> WORK ITEM
The answer is the line containing "25 Broomhall Court, Rathnew, Co." plus every line after it to the end of the material, retyped exactly and without the pictures.

> DATASET EXCERPT
▼
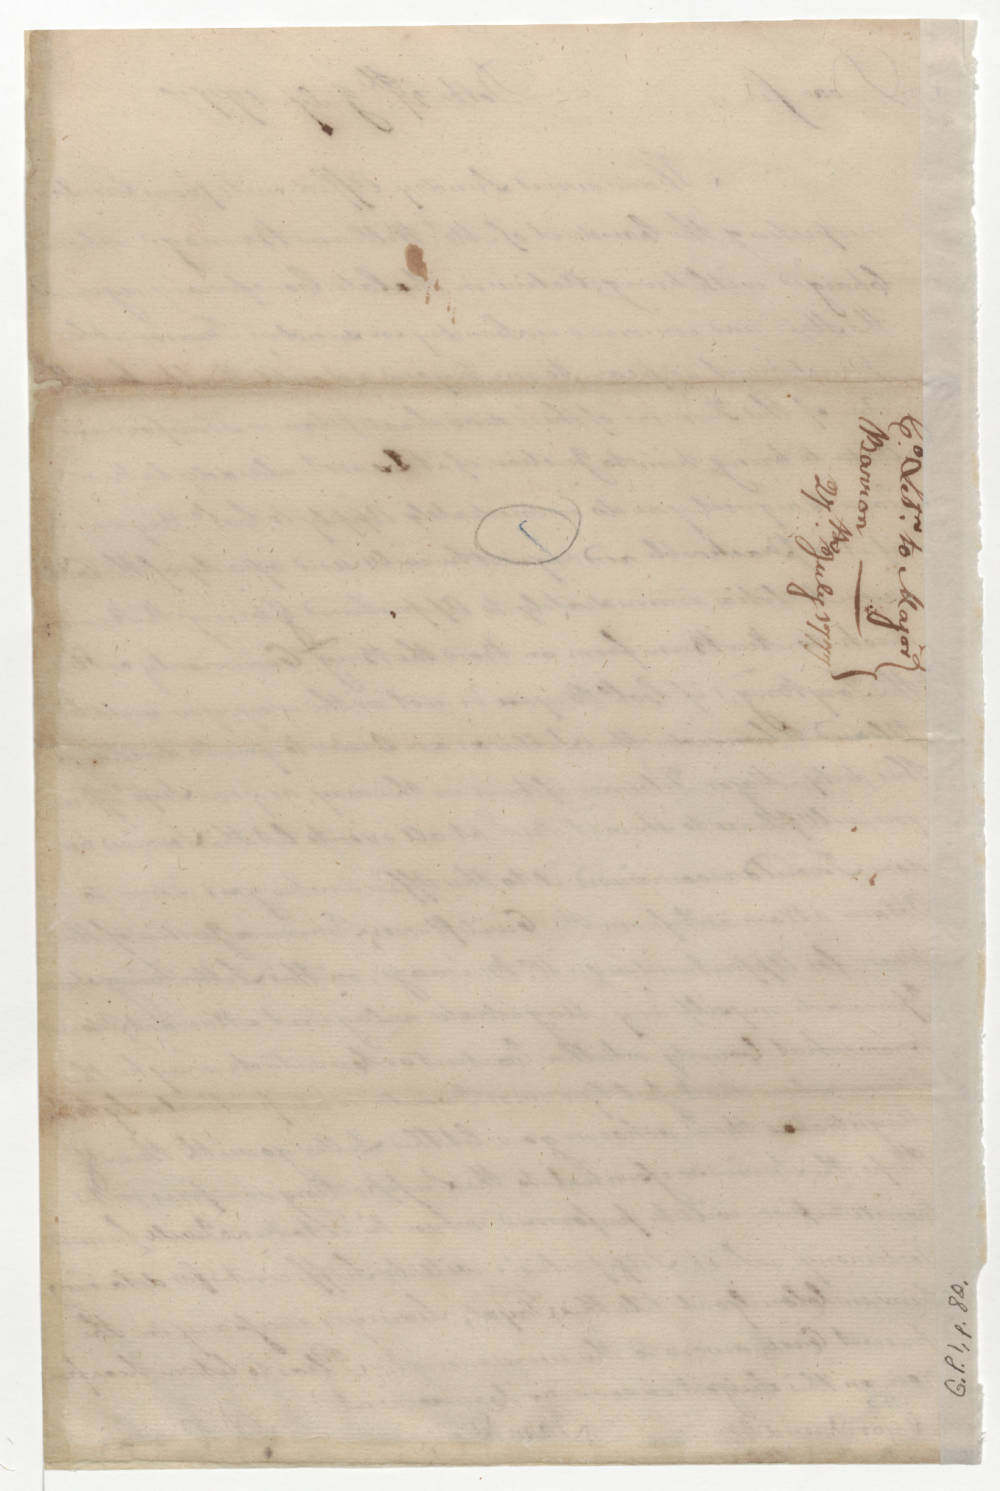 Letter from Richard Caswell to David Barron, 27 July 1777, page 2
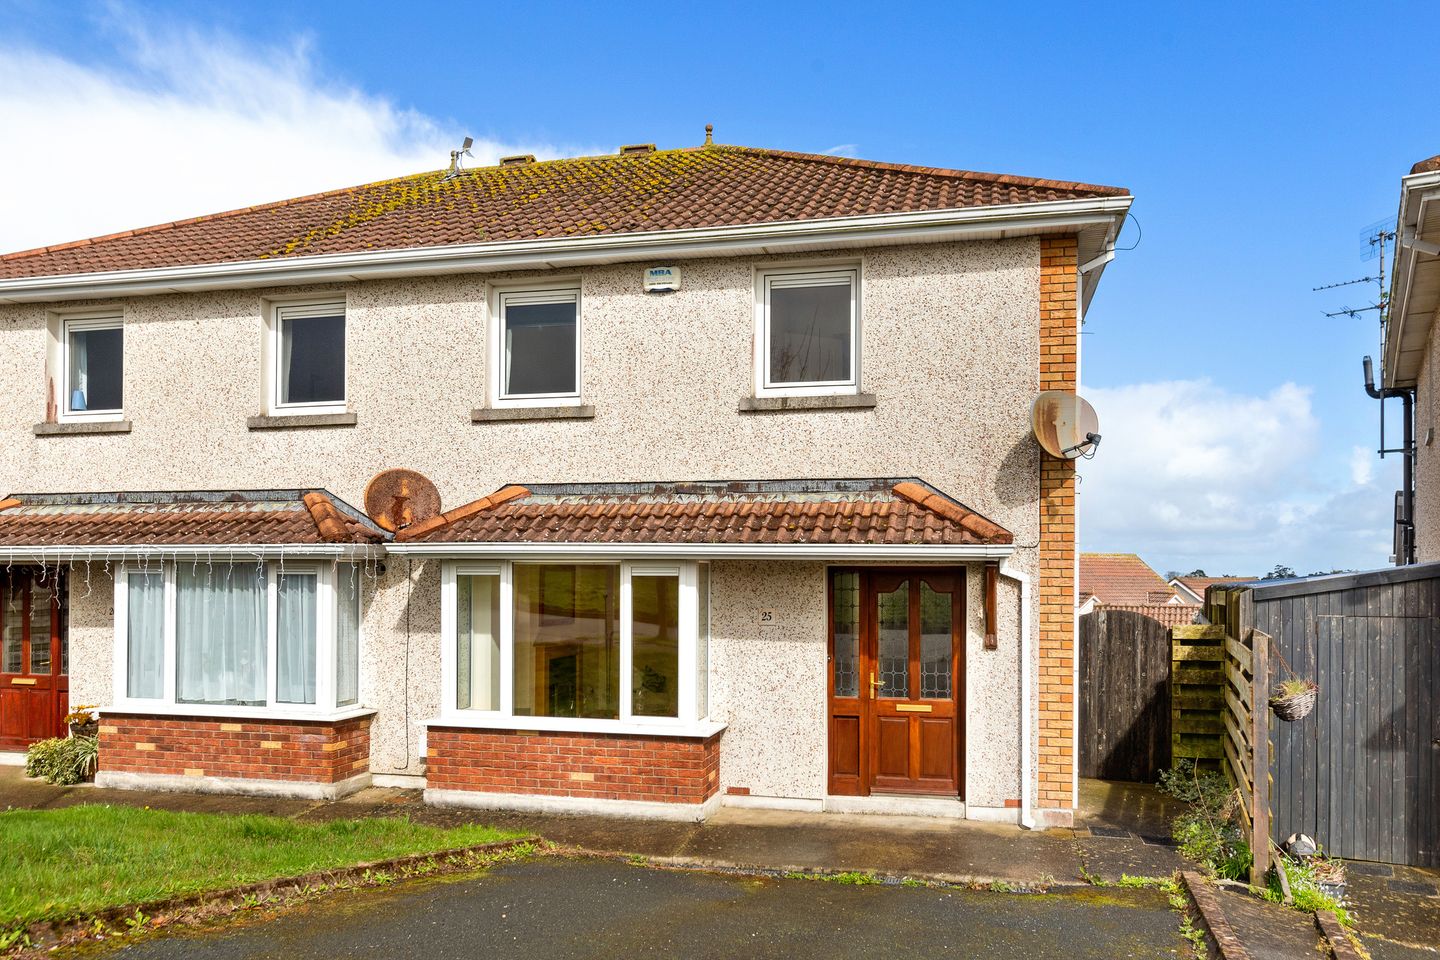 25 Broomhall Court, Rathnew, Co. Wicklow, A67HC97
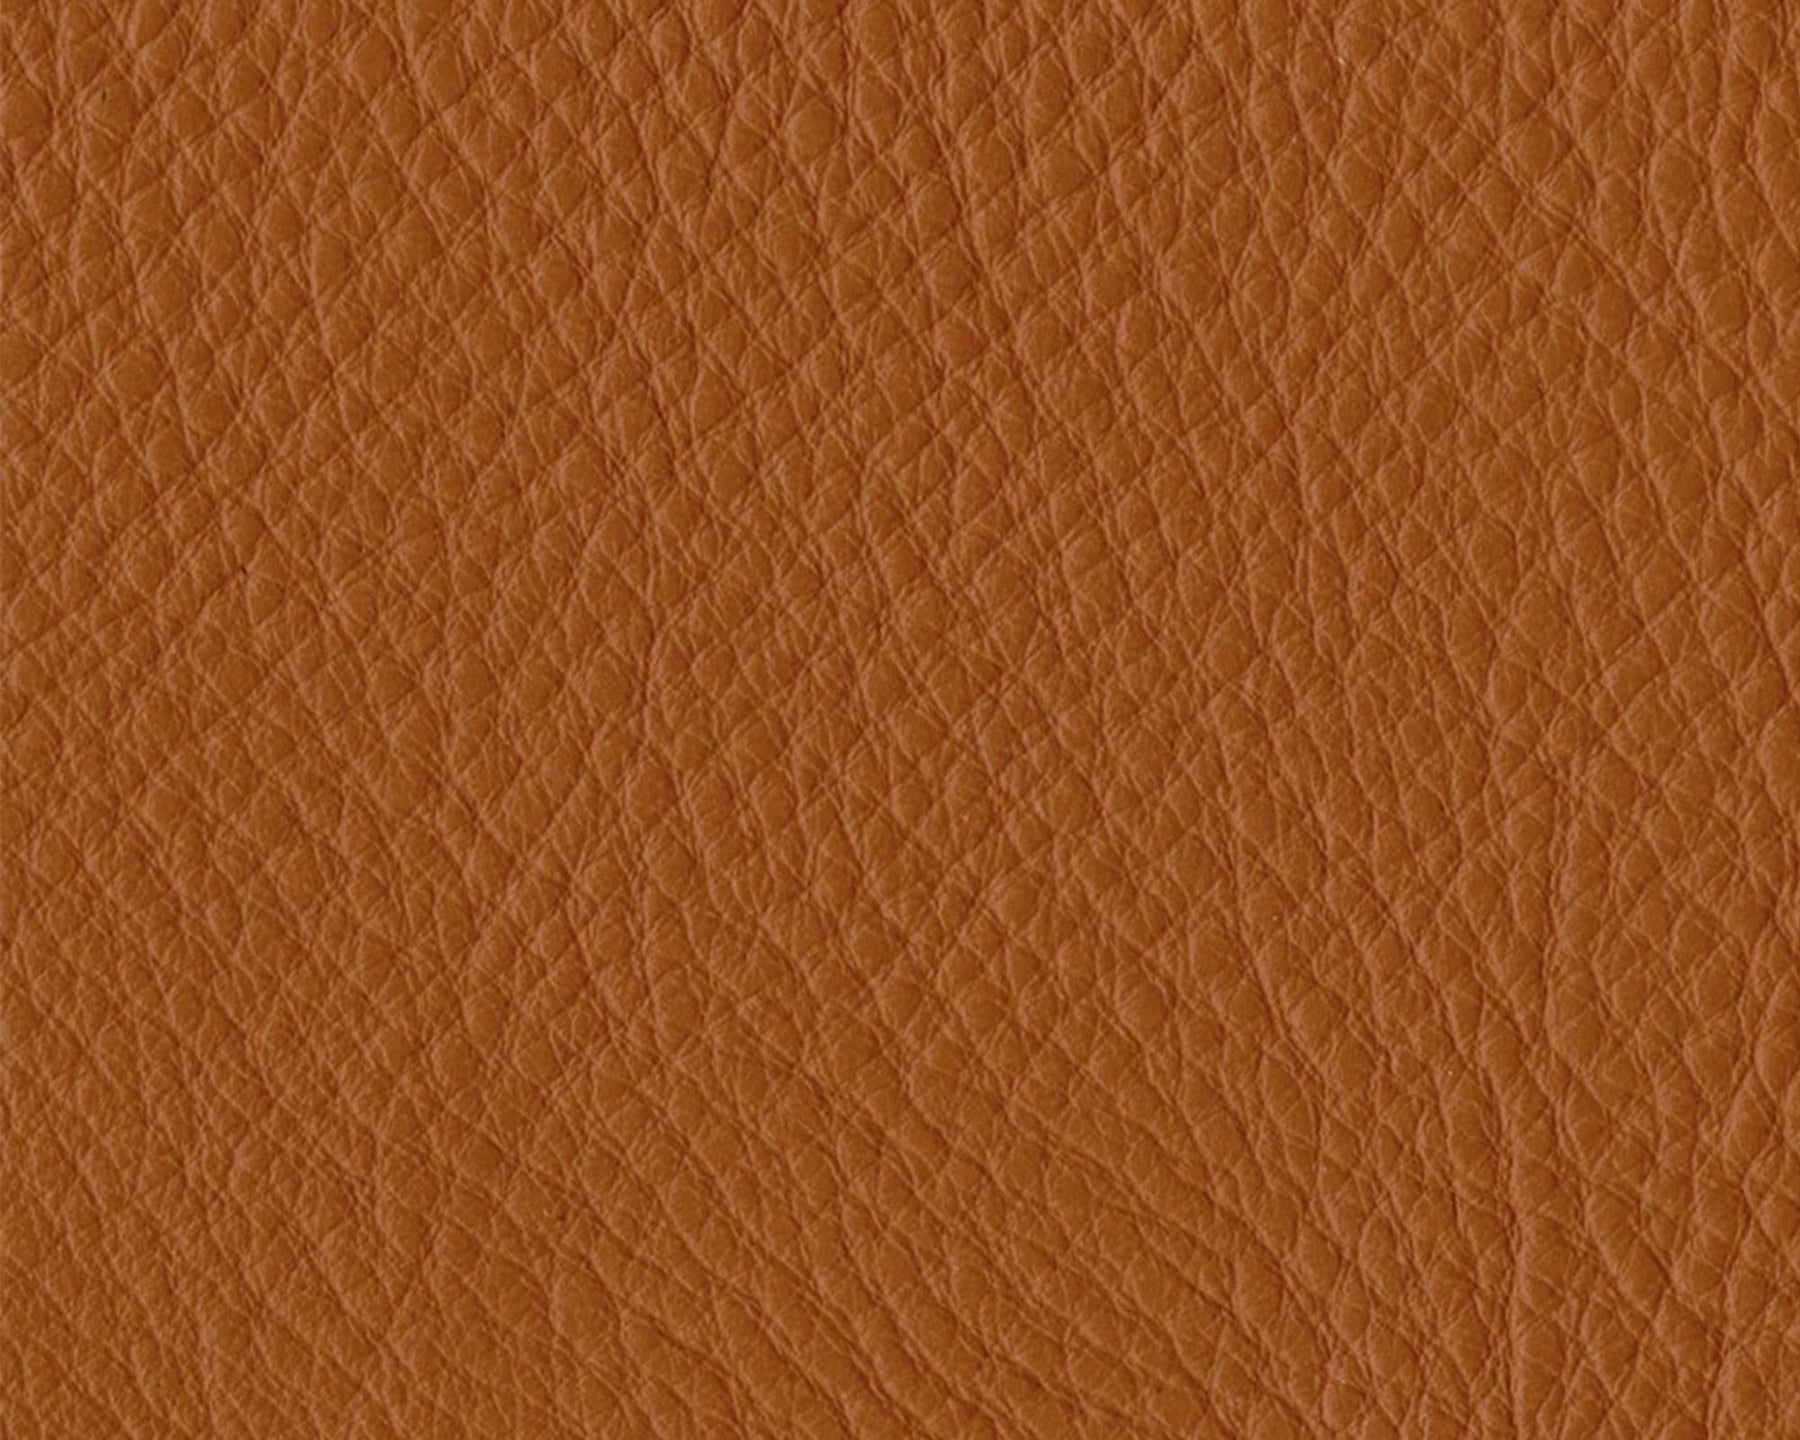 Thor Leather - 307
▲
> OUTPUT OF THE TASK
 25 Broomhall Court, Rathnew, Co. Wicklow, A67HC97
 Thor Leather - 307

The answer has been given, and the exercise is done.